Senin, 30 Juni 2014

Satu Halaman untuk Melukiskanmu

Hari itu, langit cerah, berwarna biru, mengguratkan asaku hingga kian melambung. Biar aku terbangkan saja balon-balon impian ini, untuk tetap singgah bersamamu. Kulepaskan bebas, menuju angkasa dan menjemput segala takdirku dan takdirnya. Tahukah kau kemana balon-balon itu pergi? Apakah menuju langit tak bertepi, meletus tak bersisa, ataukah ia bersandar diteras-teras rumah Tuhan? Entahlah, hari ini kuputuskan untuk bersamamu saja. 

Diruangan yang tak besar ini, aku mendapatkan cerita baru, tentang dia, aku dan mereka. Tak hanya itu, aku juga mendapatkan pemahaman baru tentang pandangan-pandangan setiap orang yang bersandar di dalamnya. Menyayangi, itu yang kurasa kurang kudapat darimu, Menyayangi ialah lukisan yang kubeli dengan cuma-cuma dari sang Pencipta. Namun, aku tak dapat memilikinya sendiri, perlu berdua, bertiga, bergenap atau tak terbilang jumlah. Sebab, menyayangi akan memiliki harga yang tak sanggup ditebus seorang diri, kecuali berdua. Kini, setelah beberapa lama aku bersamamu, kumiliki itu. 

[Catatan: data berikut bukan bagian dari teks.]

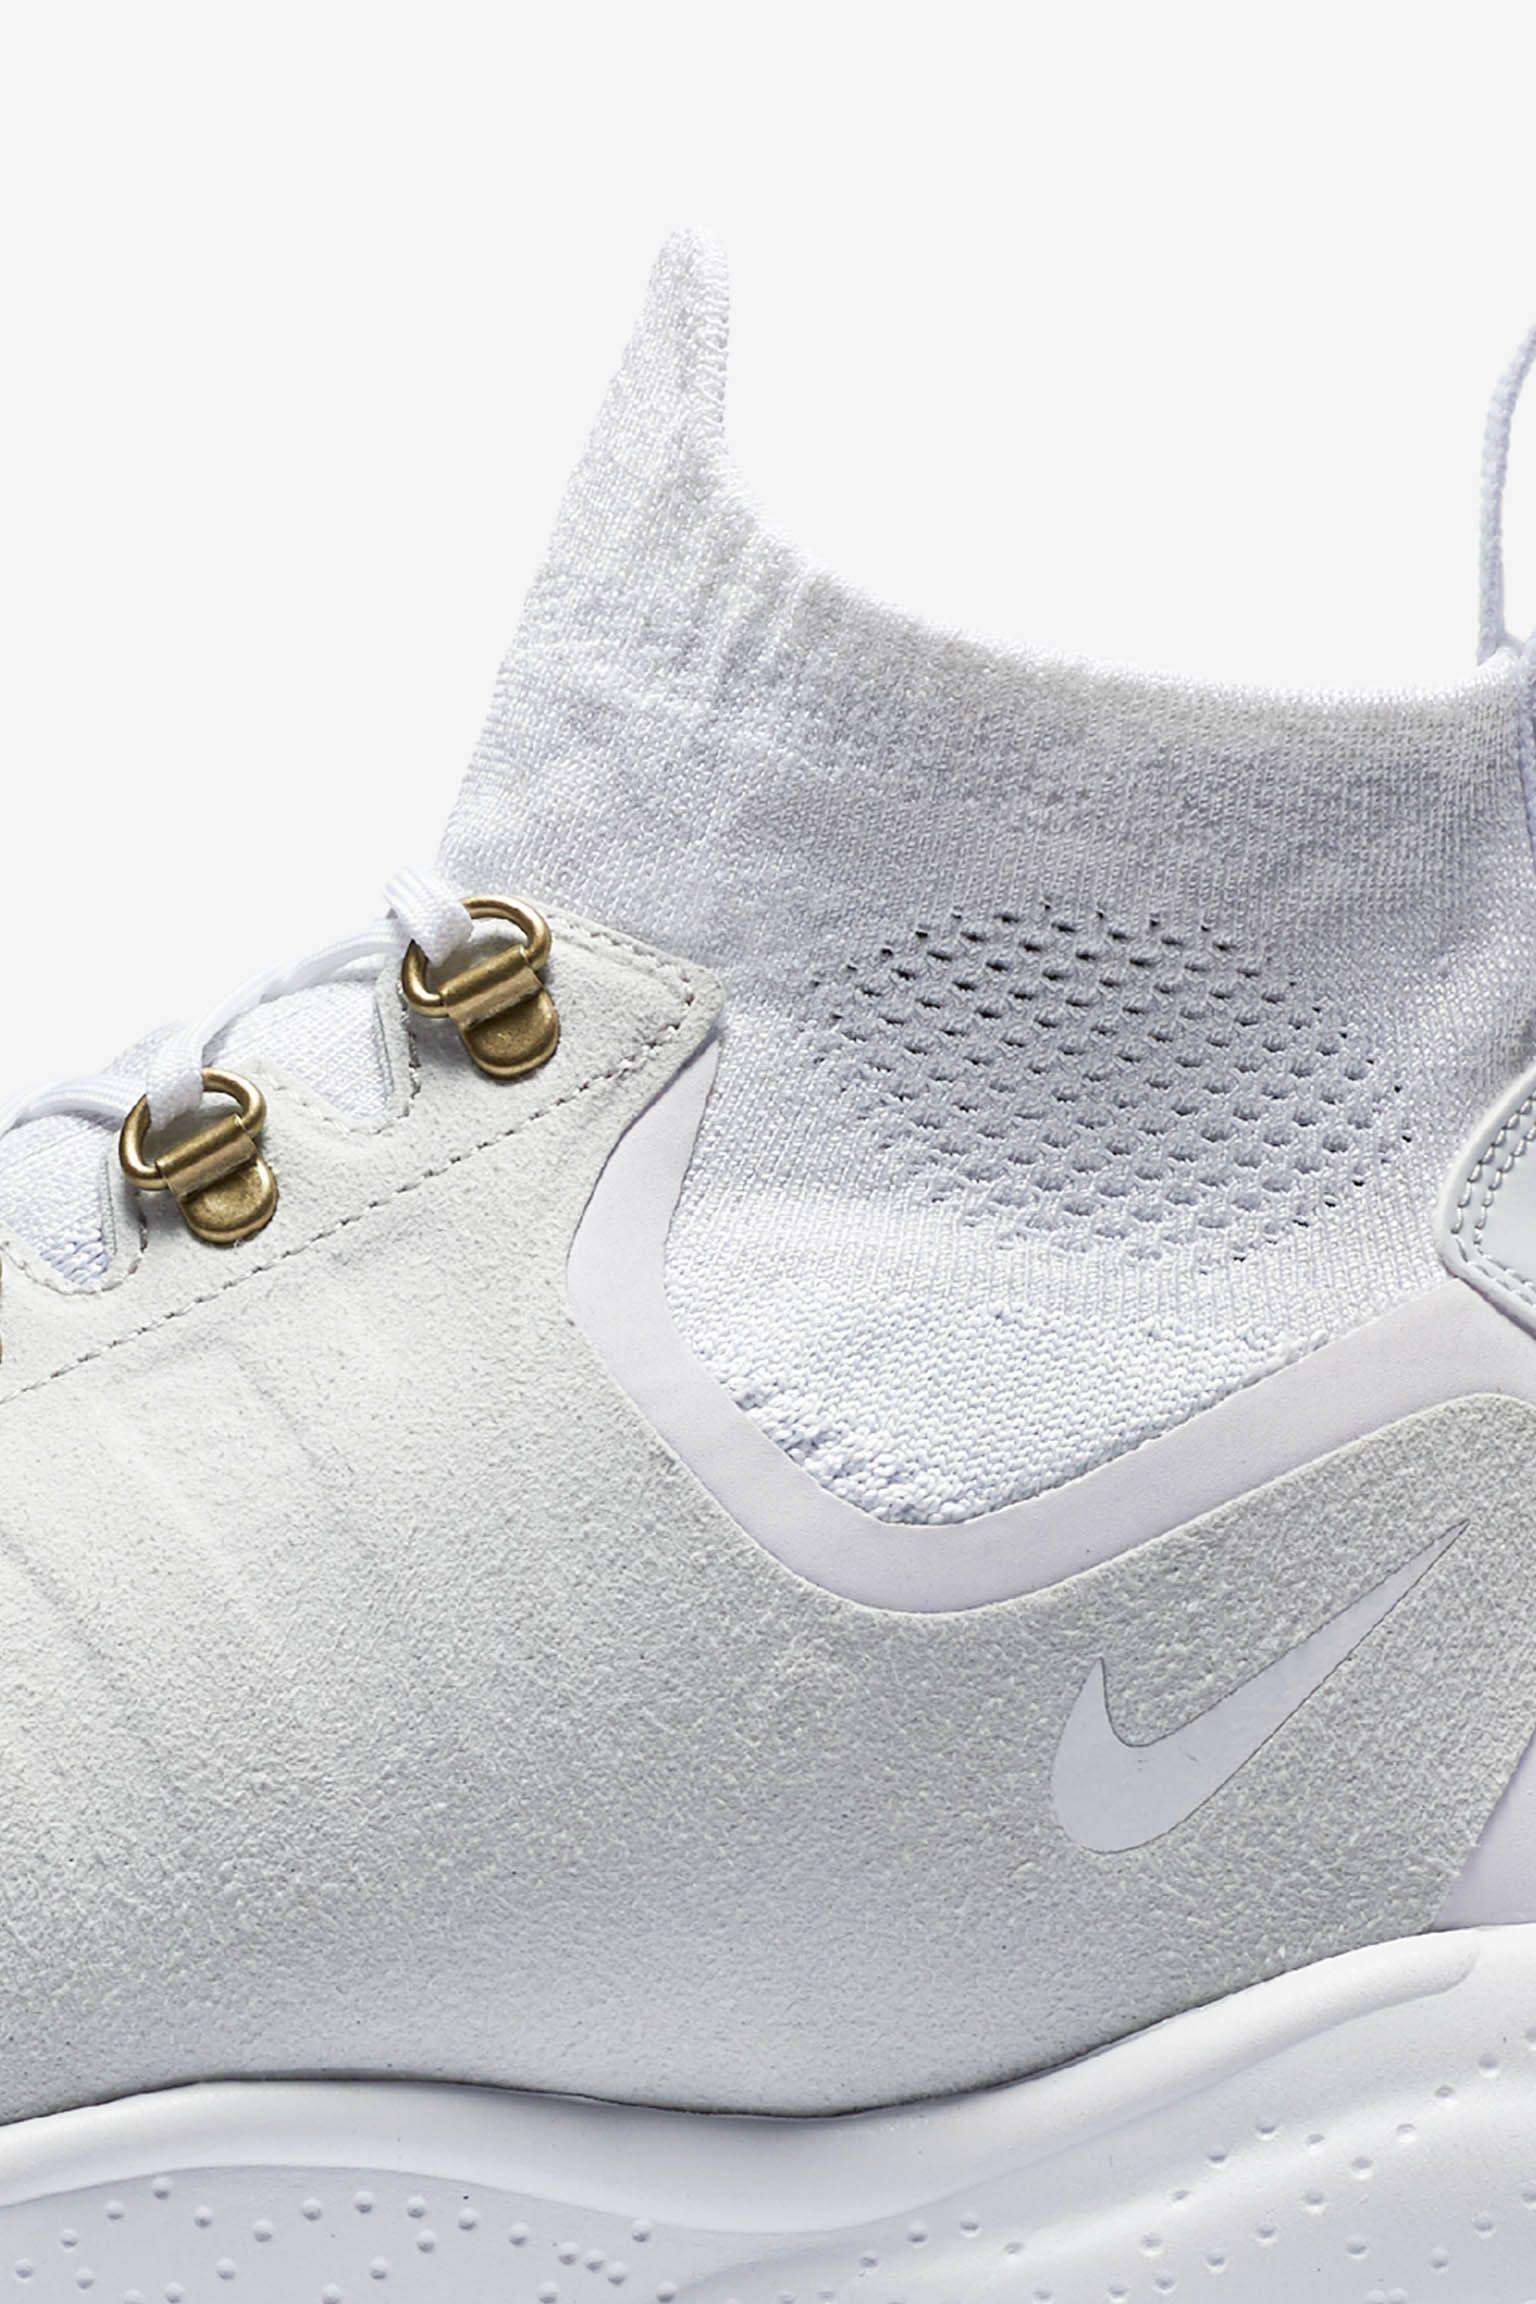 Nike Air Zoom Talaria Mid Flyknit 'White'

Namun, rasa kasih itu tak sama dengan yang kumiliki bersamanya. Aku memiliki rasa yang berbeda ketika bersama dengan sang imajinasi. Mereka meleburkan rasa yang dalam hingga menembus tulang rusuku. Ketika waktu bersamamu, tiba-tiba saja rinai hujan datang menghampiri langkahku. Kala itu, hujan menghujam bumi sungguh deras. Keadaan malam memelukku sungguh erat. Ketika petir menyambar-nyambar geram, aku bingung dengan arahku. Saat itu, aku mencoba tersenyum dalam sendunya malam. Ku tahan rasa takut dengan mengingatmu, mengingat kebersamaan kita beberapa menit lalu. 

Terimakasih untukmu, karena hingga kini kau telah menghargaiku, mengenalku, menerimaku di rumahmu, tersenyum padaku, memperhatikanku, mengijinkanku untuk mengenalmu lebih dalam, berbicara padaku, dan untuk semua yang kau lakukan untukku. Terimakasih karena telah membuatku berjalan hingga sejauh ini.